8. Can hospitals garnish my wages for medical debt?

In many states, yes, but this is changing. Virginia and Rhode Island have recently banned wage garnishment for medical debt . The proposed federal Patient Debt Relief Act would also prohibit garnishment . Check your state’s laws.

9. What is charity care, and how do I get it?

Charity care is free or discounted hospital care offered to low-income patients. You must apply directly with the hospital. Organizations like Dollar For can help you with the application process for free .

government programs for medical debt relief

10. If my debt is forgiven, do I have to pay taxes on it?

No. Under current IRS rules, debt forgiven through these programs is not considered taxable income for the recipient .

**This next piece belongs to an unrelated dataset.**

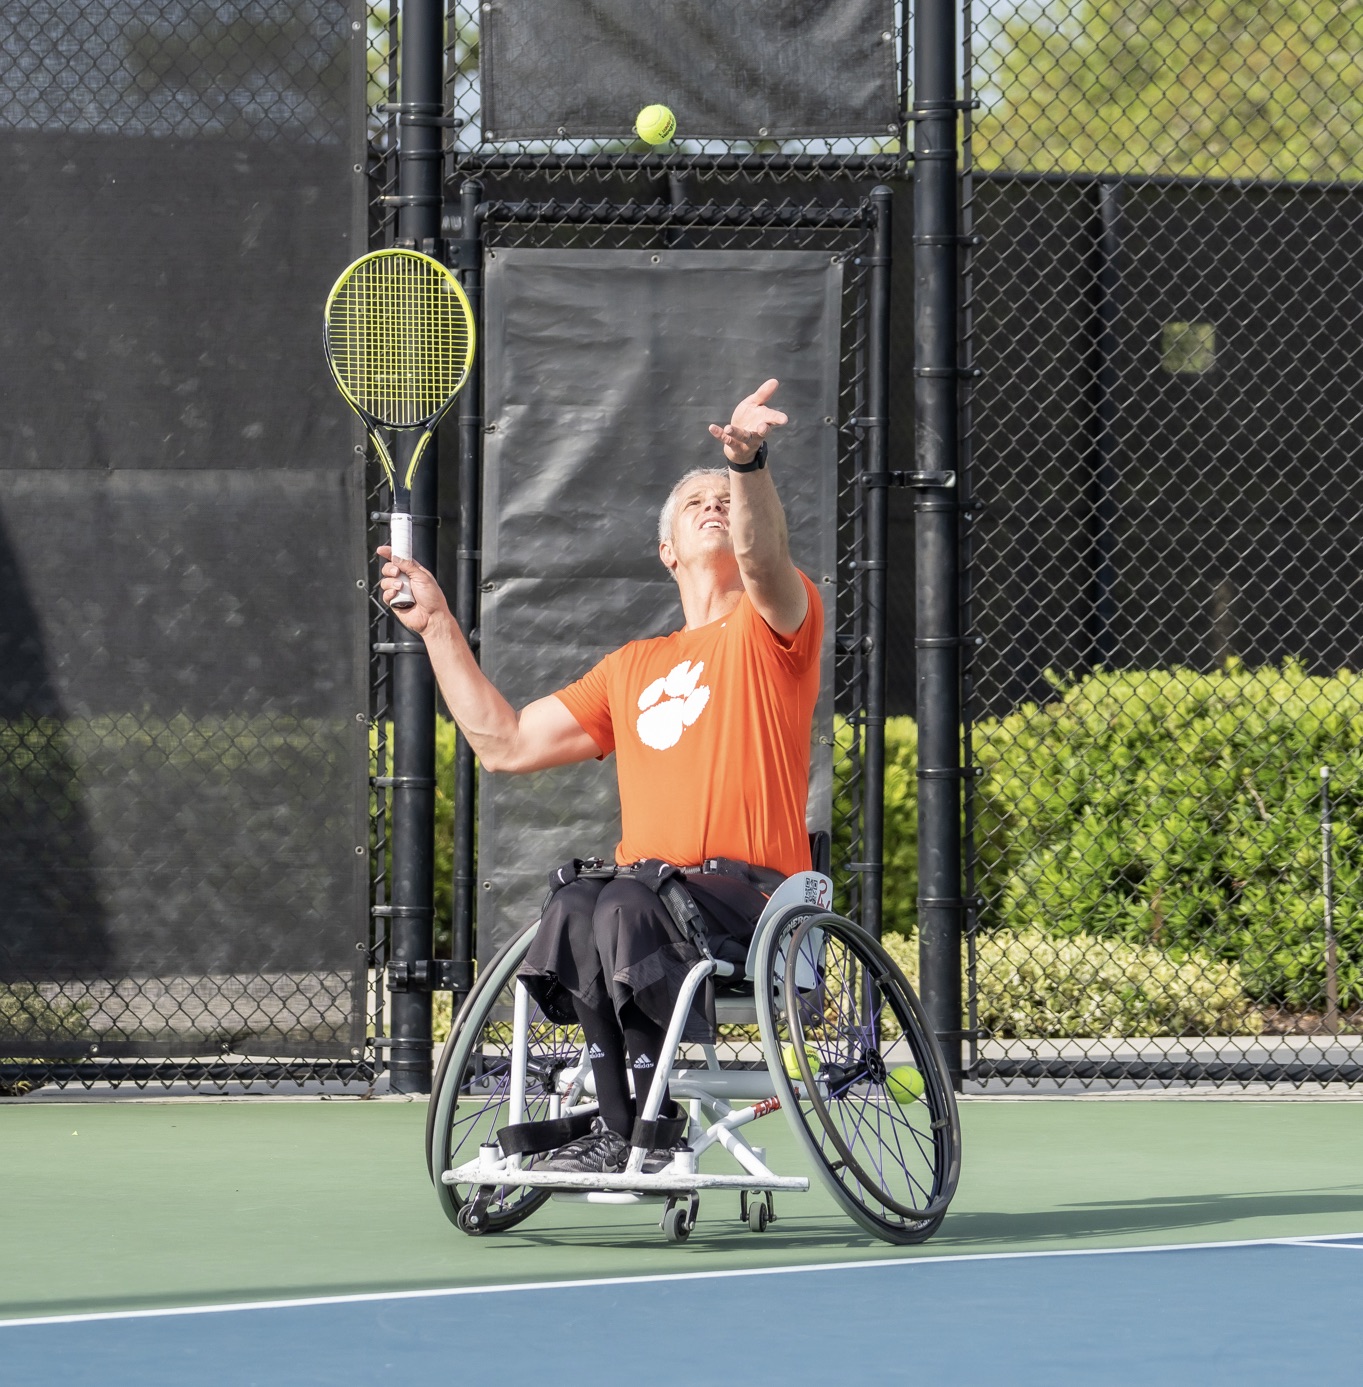 Jeff Townsend, Wheelchair Tennis Team members

Conclusion: The Future of Medical Debt Relief

The landscape of medical debt in America is changing. With federal protections stalling and the cost of healthcare rising, states and cities have taken the lead in providing direct relief to their residents. Through innovative partnerships with organizations like Undue Medical Debt, government programs for medical debt relief have already abolished billions of dollars in debt for hundreds of thousands of families.

But this is only the beginning. The movement is expanding in two directions:

  1. Retroactive Relief: More states and cities are allocating funds to buy and forgive existing debt.
  2. Preventative Protections: More states are passing laws to ban medical debt from credit reports, cap interest rates, limit aggressive collection tactics, and strengthen hospital charity care requirements.

If you are struggling with medical debt, know that you are not alone and that help is increasingly available. Check if your state has an active program. Contact your hospital about charity care. And stay informed about new laws that may protect you.

No one chooses to get sick. And increasingly, governments are recognizing that no one should be financially destroyed for seeking the care they need.